It is immaterial that the defendant knew or had good reason to believe that the Laconia company was insolvent. Assignments of claims against an insolvent debtor are not within the provisions of the 26th section of the insolvency law. P. S., c. 201, s. 26. That section relates exclusively to transfers of the debtor's property.

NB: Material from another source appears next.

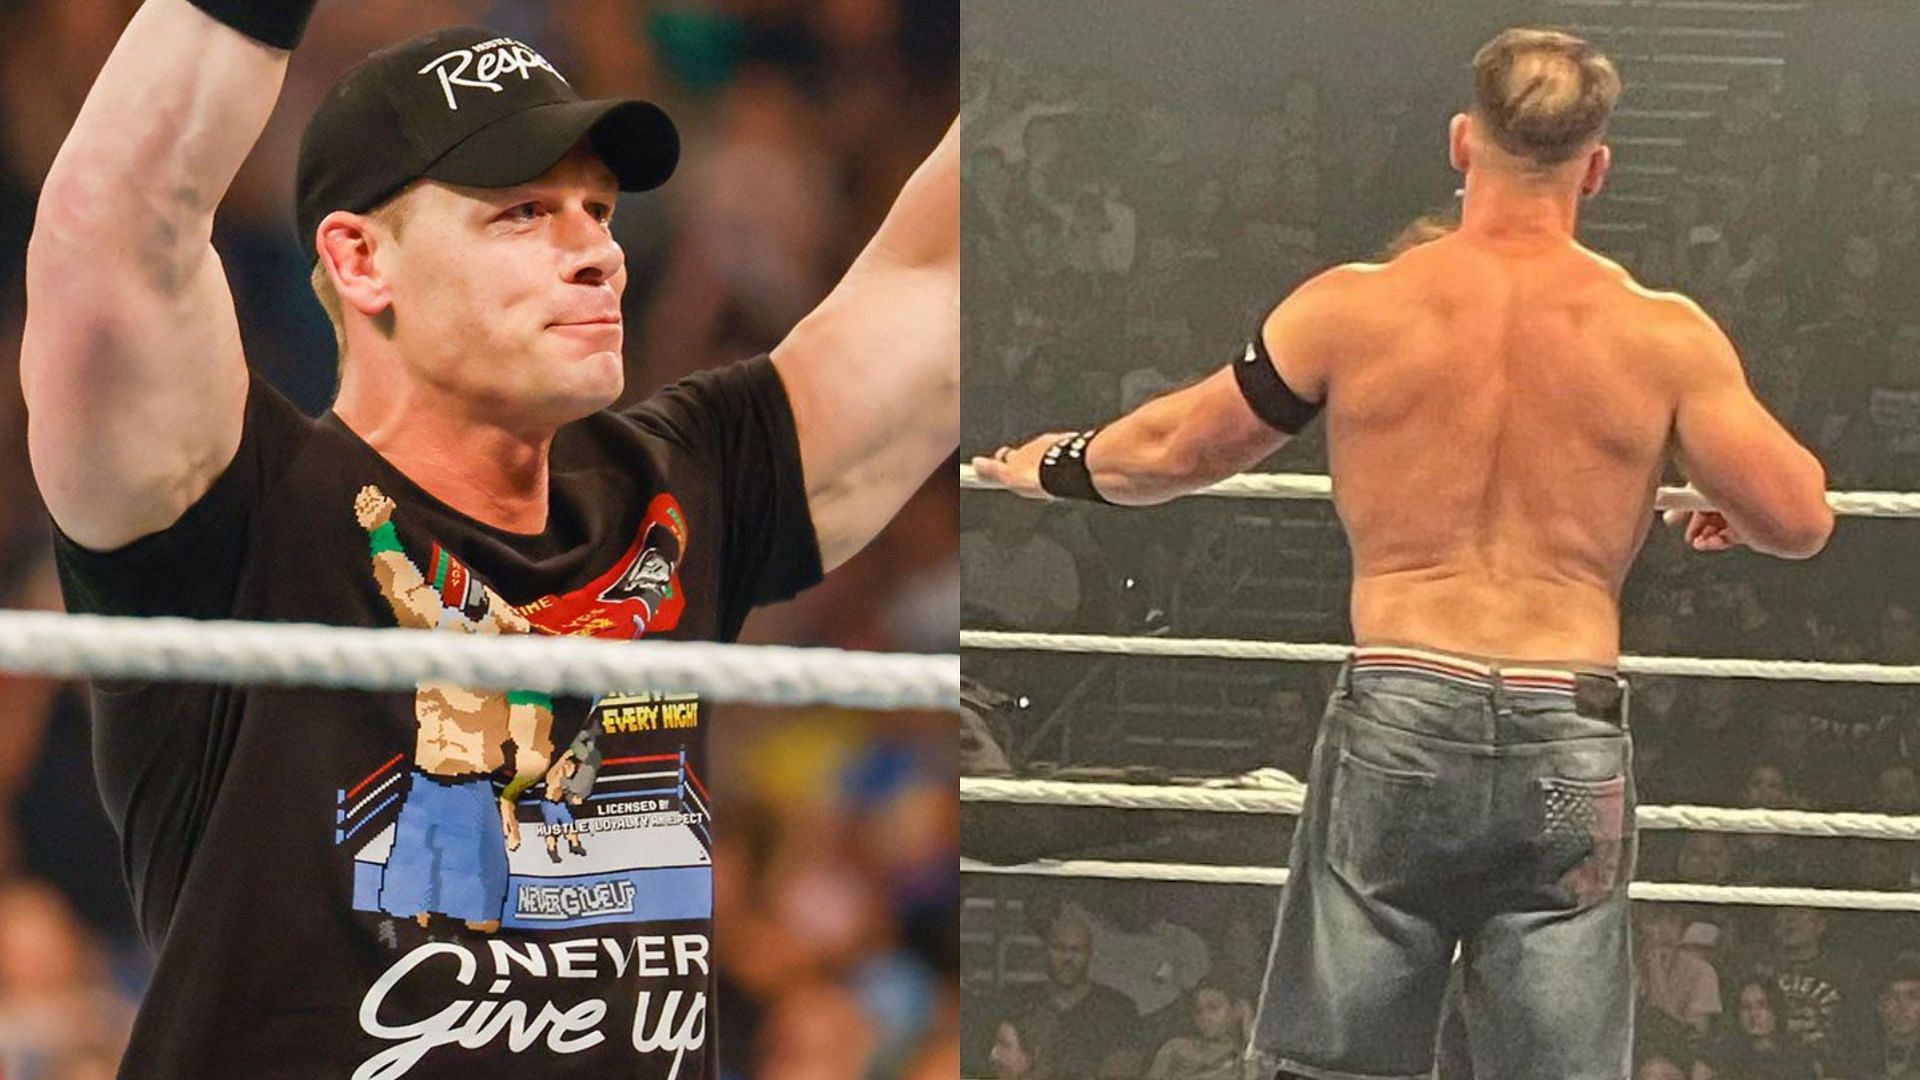 John Cena returned to in-ring action on the December 30, 2022, episode of WWE SmackDown

Assuming without inquiry that, as the plaintiff claims, the rights of the parties are exactly the same as they would be if the defendant instead of acting through the agency of the A. S. B. Co. had himself instituted and prosecuted to judgment the suit in Illinois, and had directly and personally received the money, the action cannot be maintained. The satisfaction of a creditor's demand against an insolvent debtor by the operation of the law of this state (Hurlbutt v. Currier, ante, p. 94) or of any other state, without the debtor's co-operation or consent, cannot be a wrongful preference or payment. The exercise of a right which the law gives cannot be unlawful. The statute of insolvency has no extra-territorial force. It could neither dissolve the defendant's lien obtained by his action in Illinois upon the Laconia company's property there found, nor afford any objection to the prosecution of the suit to final judgment. Sturtevant v. Armsby Co., 66 N.H. 557, and cases cited; Barth v. Backus,140 N.Y. 230.

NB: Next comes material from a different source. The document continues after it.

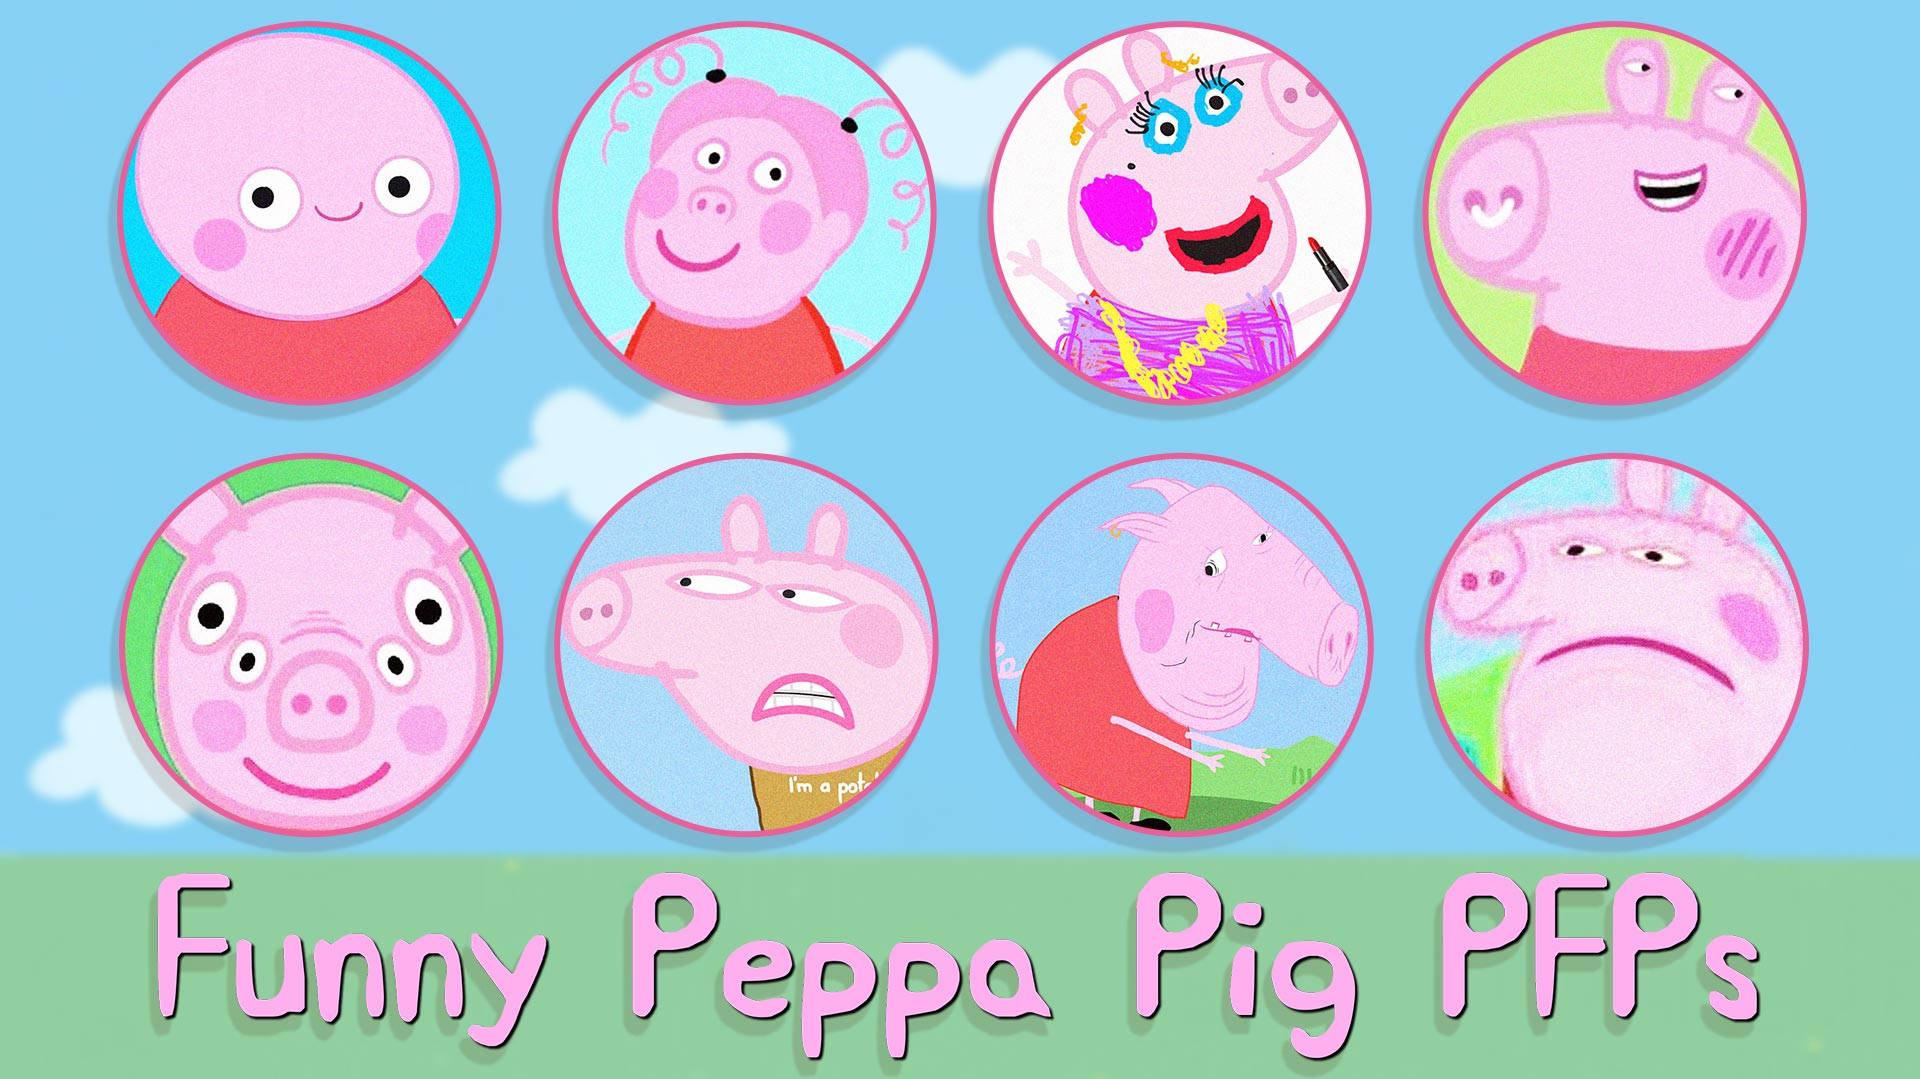 Baddie Peppa Pig Strikes A Fierce Pose Wallpaper

By that judgment the defendant's title to the money is conclusively established. Lawrence v. Batcheller, 131 Mass. 504; Proctor v. Bank, 159. Mass. 223; Marine Credit Co. v. Hunter, L. R. 3 Ch. 479. There is no statute making the title so acquired voidable by the assignee, if such a statute could be constitutionally enacted by a state legislature. The question whether the *Page 483 prosecution of the Illinois suit might or would upon seasonable application have been enjoined (Dehon v. Foster, 4 Allen 545, — S.C., 7 Allen 57; Cole v. Cunningham, 133 U.S. 107) is not raised.
Judgment for the defendant.
PARSONS, J., did not sit: the others concurred.